Отец Петр оглянулся – уж не мать ли Варвара до времени собралась на крест? В колеблющемся свете свечей он увидел залитое слезами ее лицо.

– Нас выгоняют? – в ужасе спрашивала слепая Надежда, обращаясь к тому месту, где только что рядом с ней стоял о. Александр, но вместо него там теперь оказался о. Никандр, со смирением отвечавший бедной рабе Божией, что не только выгнать могут, но и убить.

– Запросто. А кто им что поперек сделает. Возьмут вот сейчас и прямо в храме по нас пальнут.

А тут и товарищ Рогаткин кивнул Петренко:

– Давай!

Услышав команду председателя комиссии, о. Никандр безмолвно воззвал к Спасителю и Его Пречистой Матери.

– А чего давать-то? – буркнул Петренко и, встав против Божьего народа, лениво молвил: – Шуму от вас, православные. Как евреи, ей-Богу. – Немигающими васильковыми глазами он уставился почему-то на благочинного, о. Михаила Торопова.

Отец благочинный побледнел, но с надлежащей стойкостью перетерпел взор, сулящий гонения, а может, и гибель. И Бога про себя трижды прославил за то, что злодей вперился в него не ясным днем, а лишь сейчас, при свечах, чей мягкий свет помогает человеку скрыть не только ужас перед нацеленным на него оружием, но и отвращение к тем, кто это оружие обратил против мирных жителей и почитаемых святынь. И как только Петренко, усмехнувшись, перевел взгляд на о. Александра Боголюбова, о. Михаил с облегченным вздохом шепнул стоявшему рядом шатровскому мантийному монаху с татарским скуластым лицом:

– Ишь, Малюта Скуратов выискался!

Однако же сообразив, что этого монаха он видит в первый раз и что по нынешним временам дорого может стоить откровенность даже и с ангельским чином, о. Михаил поспешно отвернулся и, обогнув Петренко, пялившегося теперь на бедную мать Варвару, прямо подошел к товарищу Рогаткину.
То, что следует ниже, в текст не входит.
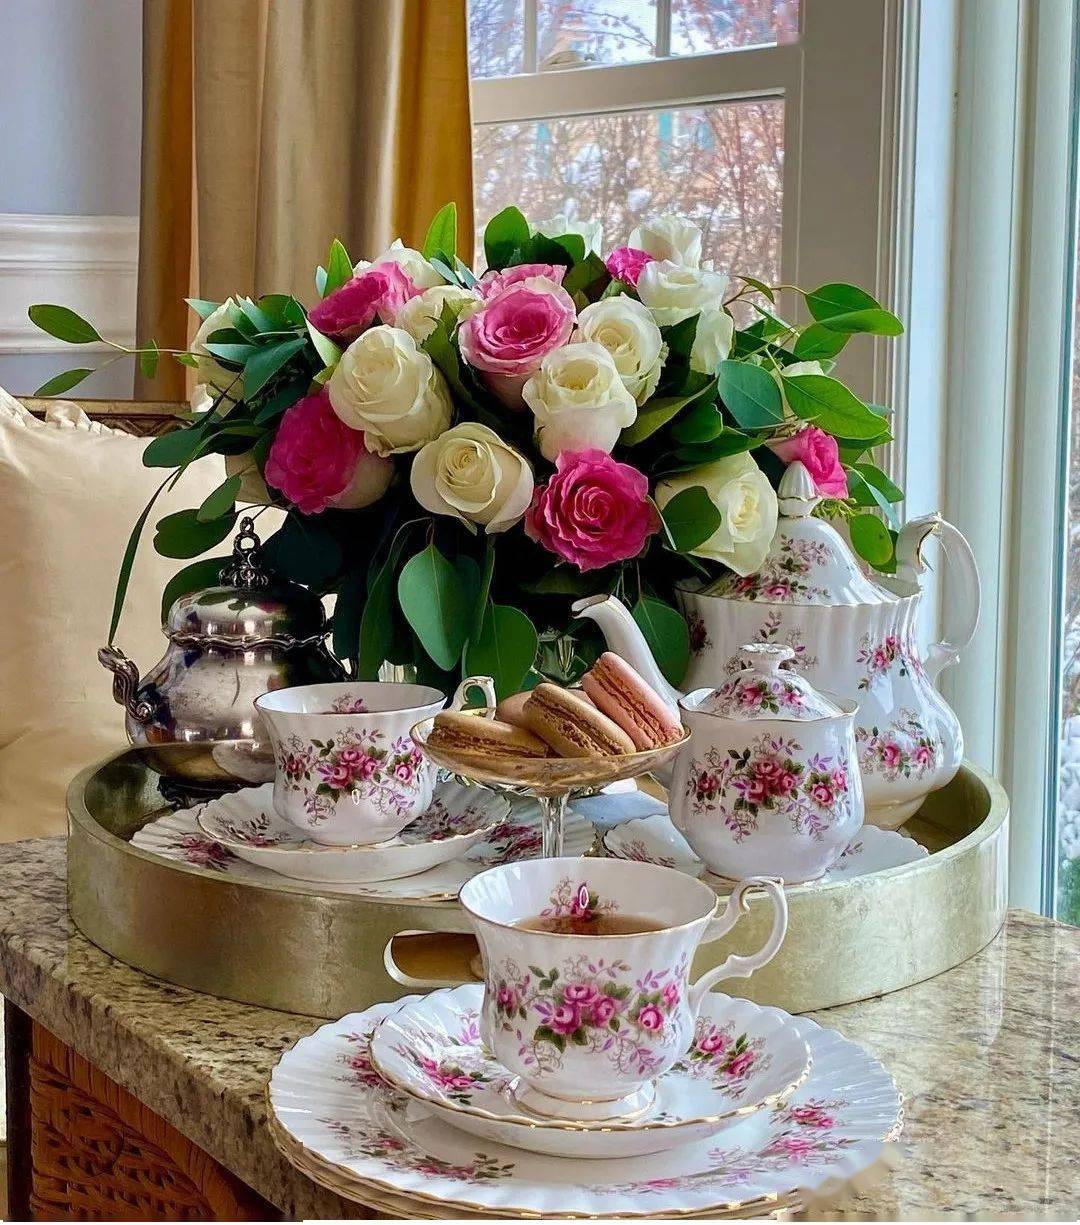 茶杯,茶壶与鲜花的邂逅

Первые слова он вымолвил голосом, временами даже дрожащим (а поди не вздрогни, имея за спиной десяток головорезов со злодеем во главе!), но завершил недолгую свою речь достойно и твердо:

– И потому взываю к вашей совести и убедительно прошу пощадить чувства собравшихся в сем храме верующих и дозволить им здесь пребыть до конца.

– А будет шум, – тотчас ответил молодой председатель, – я вас выгоню.

Ванька Смирнов неодобрительно покачал головой.

– И ждать нечего.

Пес. Его на цепи, в конуре держать надо. Посадить и пусть брешет.

– Вот этого хотя бы арестовать, кто о нас вражескую клевету распускал про Саввин монастырь.

Пес залаял, и гробовой едва не лишился чувств от пронзившей затылок боли. Останки преподобного открывались ему в святой, беззащитной и жалкой их наготе. Истлел, миленький, до самых до косточек желтых.

– Ты вату… вату пошире разверни, а то доктору не углядеть, какие вы туда кости запрятали, – приказал Маркеллину столяр-краснодеревщик, променявший рубанок и верстак на заманчивую мечту о всеобщем счастье, какого, однако, Бог никогда не сулил заблудшему человечеству.

«Тошно мне от всех вас», – хотел было ответить ему Маркеллин, но во рту у него едва шевельнулся вдруг отяжелевший язык. Тошно душе и телу. Тошнит. Блаженно успение праведных, и горька кончина грешных. Не своей волей разоряю гроб твой и обнажаю наготу праха твоего. Да не будет мне, как потомству Хамову.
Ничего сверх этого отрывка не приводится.